We looked at specific infrastructure projects across Louisiana that needed attention and funded significant portions of those projects, including the Mississippi River Bridge in Baton Rouge, the Lake Charles Bridge, I-49, rural road and water programs, and broadband development throughout the state. 

During this legislative session, we were able to add specific trigger language to Louisiana law that will end abortion in Louisiana pending the Supreme Court overturning Roe V. Wade, as well as passing legislation that protects female athletes in high school and college by requiring only biological females participate in female sports.

We stopped new taxes on business from kicking in by stabilizing the unemployment trust fund, invested in proven technical career training programs, and passed a new school choice program for students falling behind in school or with special needs.

Every year of this term we’ve accomplished what people said could not be done and we’re not done yet."

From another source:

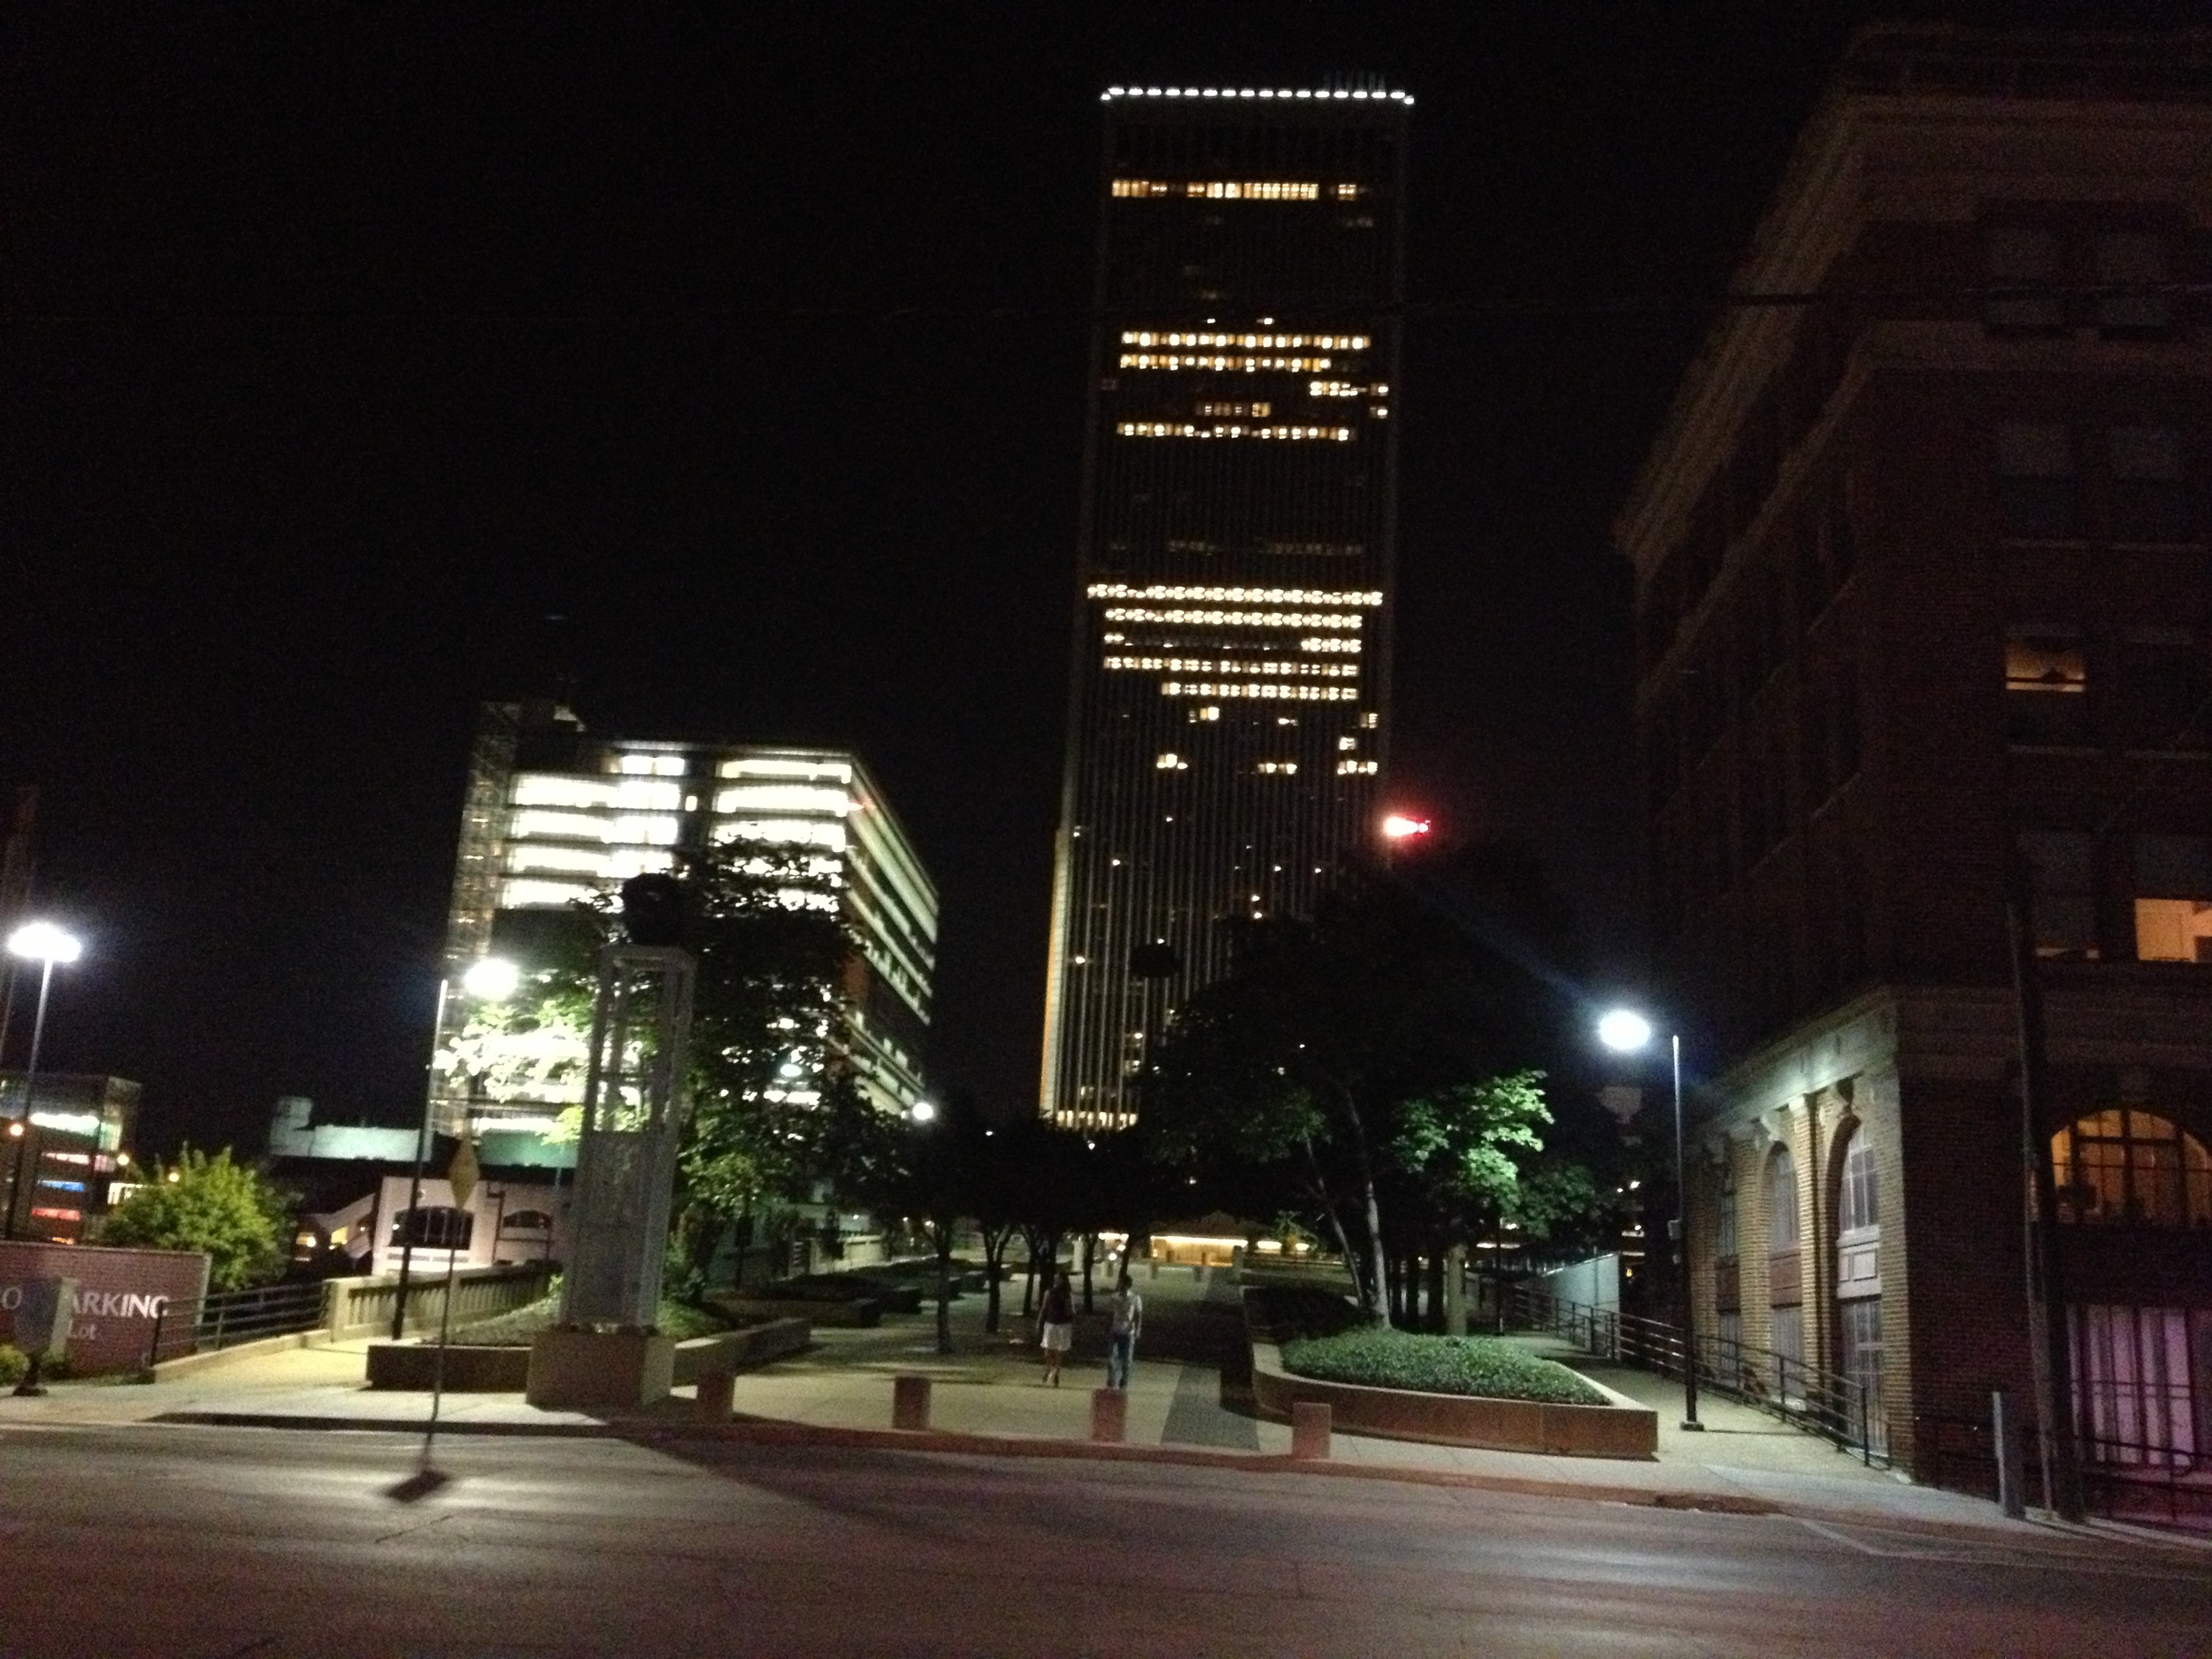 Tulsa BOKTulsa Tower at night

House Democratic Caucus Chairman Sam Jenkins released a statement on the end of the 2022 legislative session:

“House Democrats delivered for families in the 2022 legislative session and helped move Louisiana forward. Democrats authored legislation to lower the cost of insulin, help hurricane victims deal with their insurance companies and landlords, reform our criminal justice system, and help rural communities and small businesses. We also used our influence on the budget-making process to provide teachers and support staff with a pay raise, invest in higher education at historic levels, and deliver more than $300 million in programs and projects to improve the quality of life in our districts. And while our legislation was focused on kitchen-table issues, we also fought back against attempts by others to push Louisiana into the embarrassing culture wars, and we stood up for the most vulnerable among us. There is more we need to do to improve education, raise wages, and protect our civil rights—but this session proved that Democrats are doing the work and pulling our state forward.”